- **Provided material**:
=-=-=

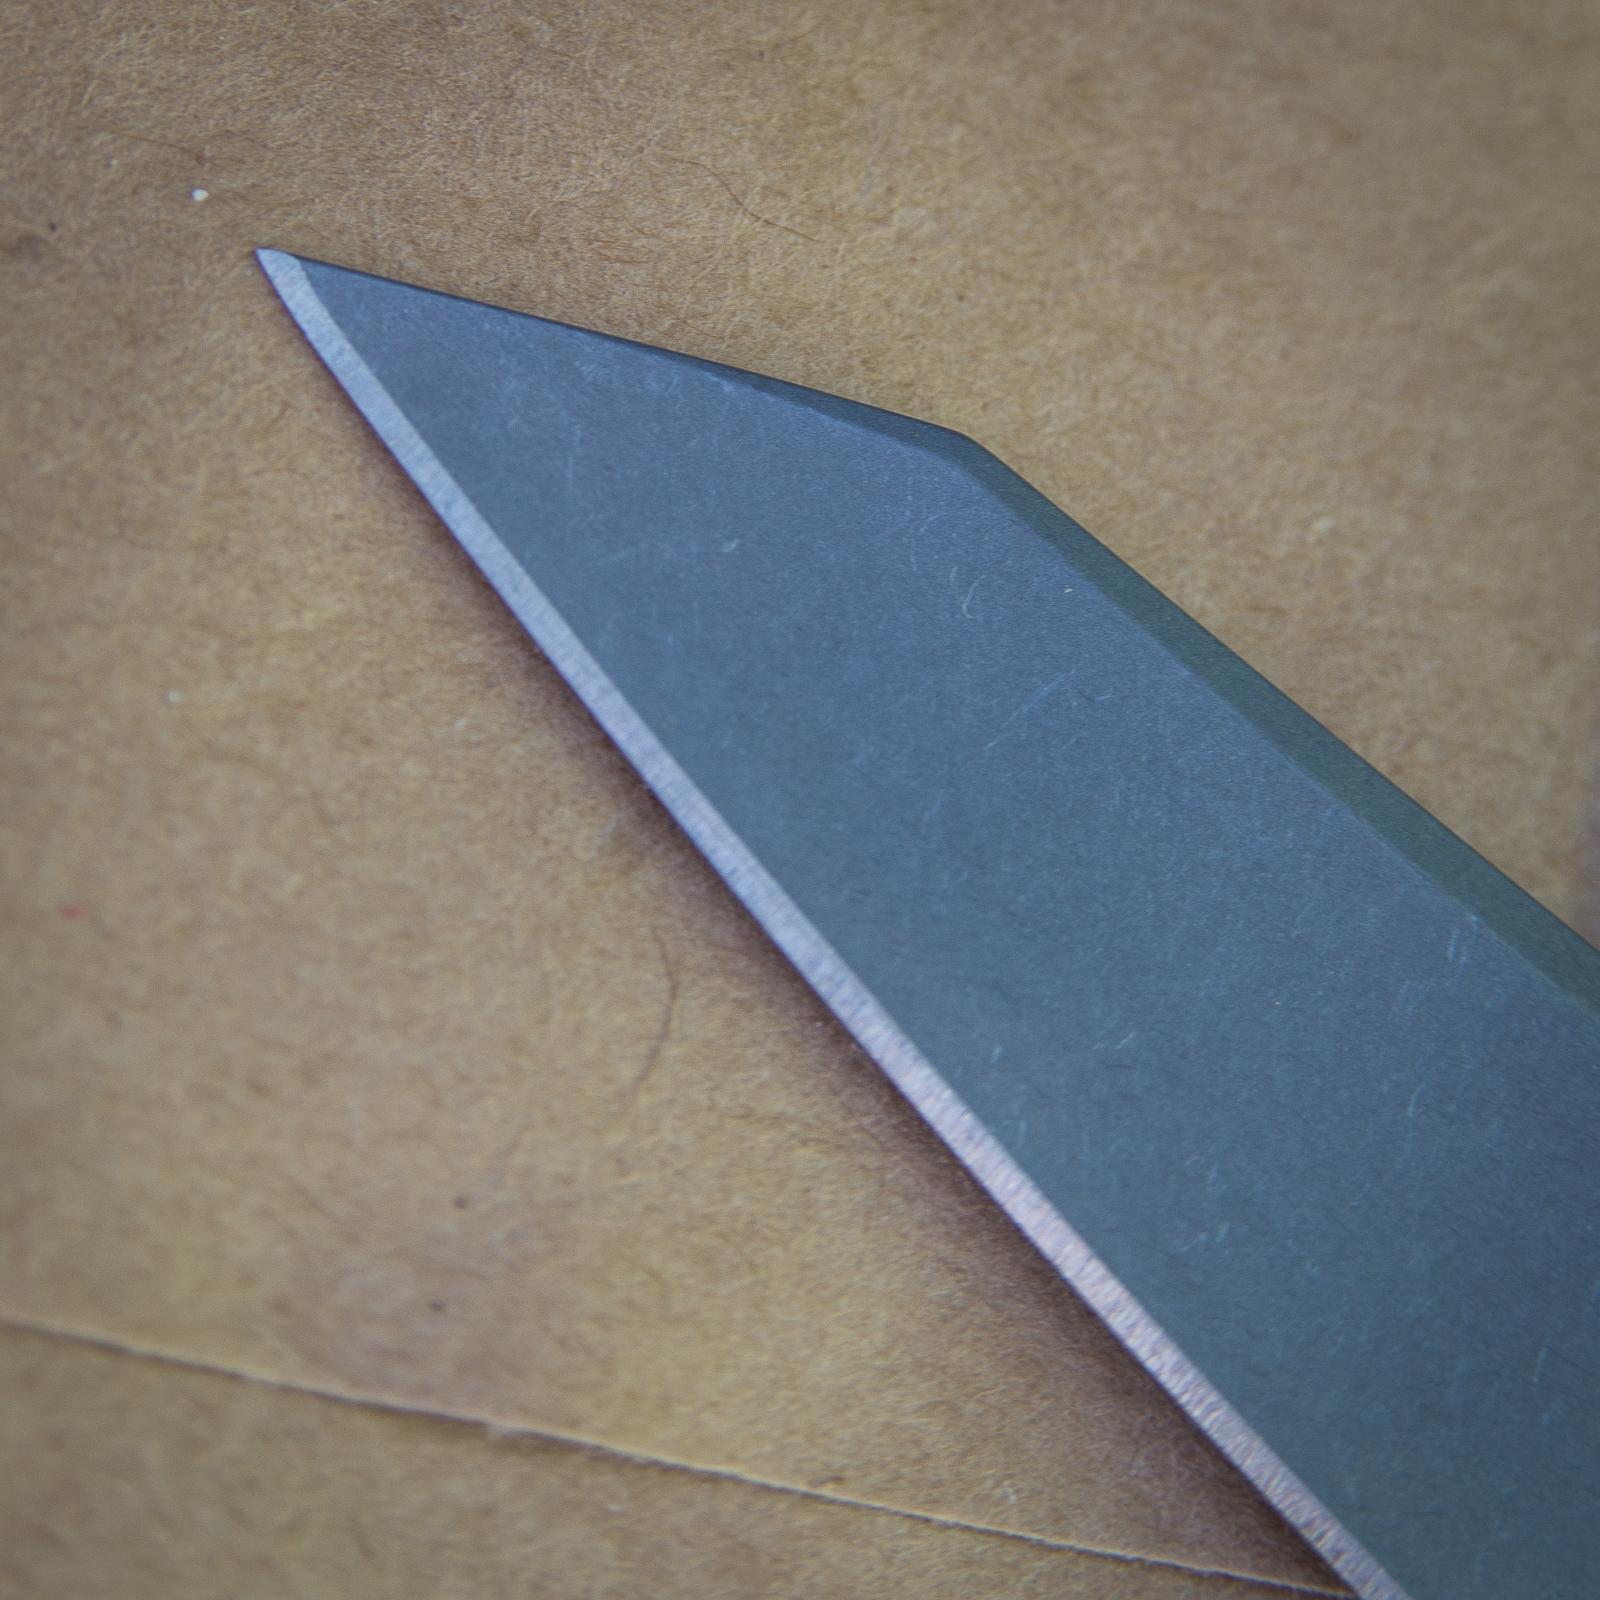 Knife-1855.jpg
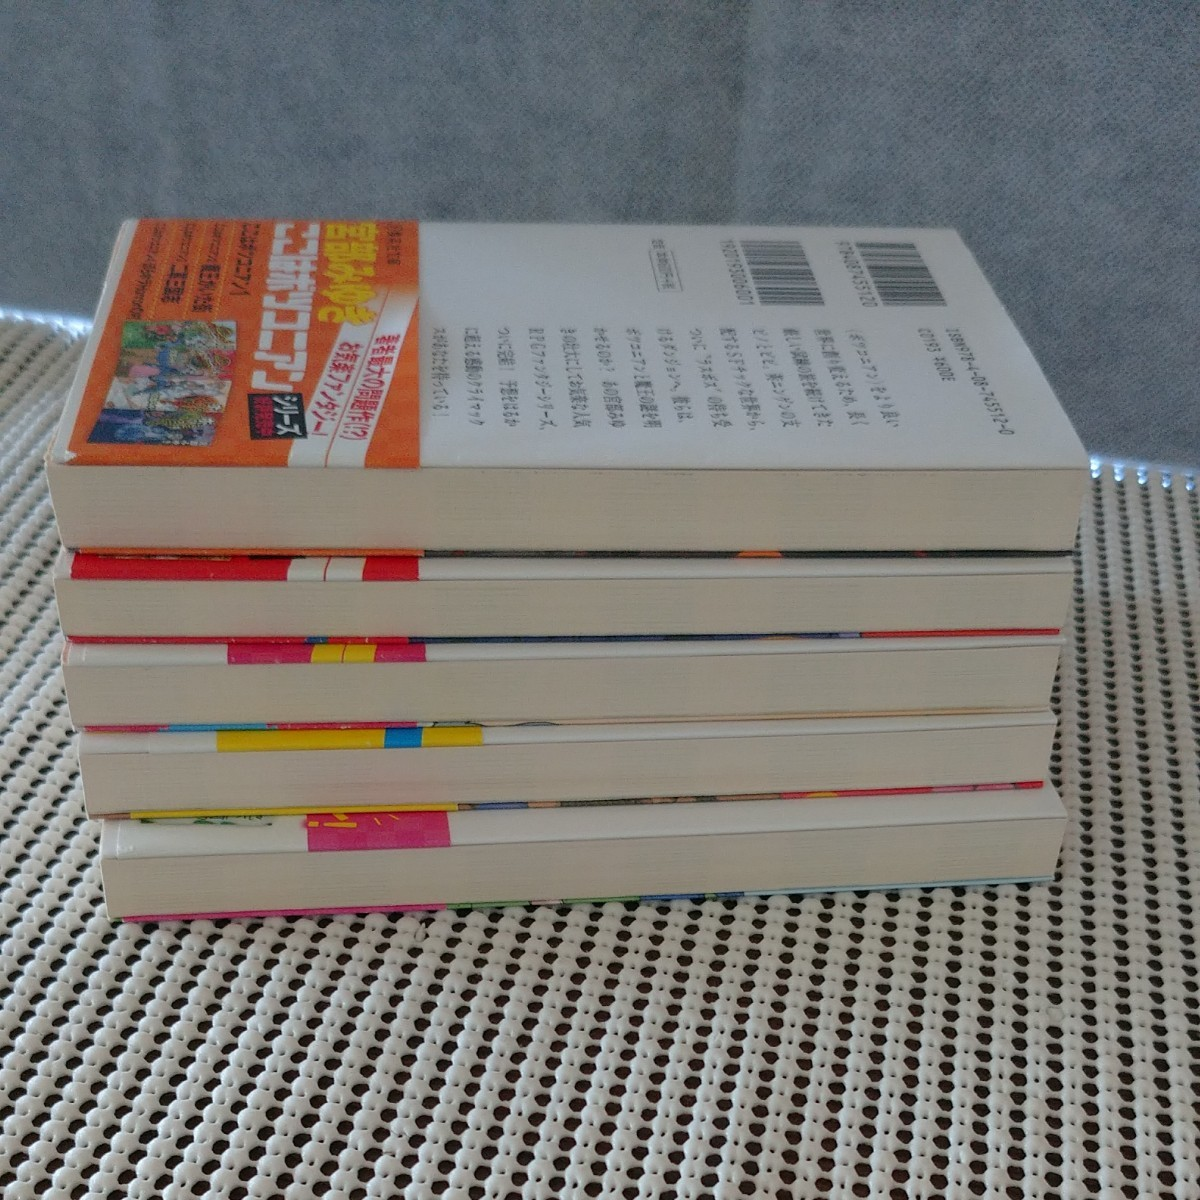 宮部みゆき 集英社文庫 ここはボツコニアン 全5巻完結BOX まとめ売り 文庫 文庫本
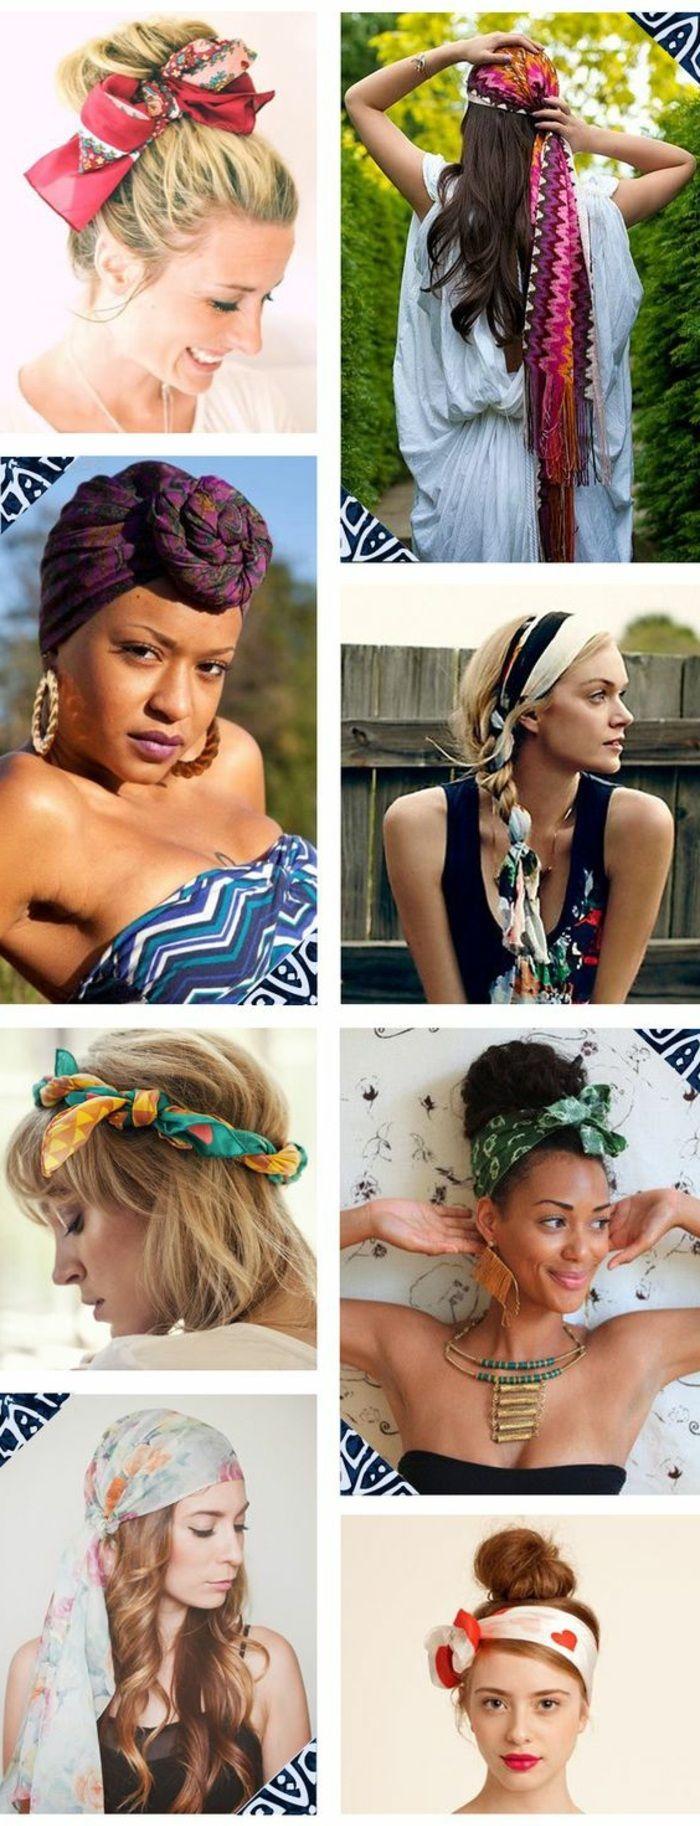 bandana frisuren, blonde haare, haare hochstecken, halskette

=-=-=

- **Exercise prompt**: From the line with "宮部みゆき 集英社文庫 ここはボツコニアン 全5巻完結BOX まとめ売り 文庫 文庫本" through the end of the listing, write out every line exactly, leaving out the pictures.

- **Finished exercise**:
 宮部みゆき 集英社文庫 ここはボツコニアン 全5巻完結BOX まとめ売り 文庫 文庫本
 bandana frisuren, blonde haare, haare hochstecken, halskette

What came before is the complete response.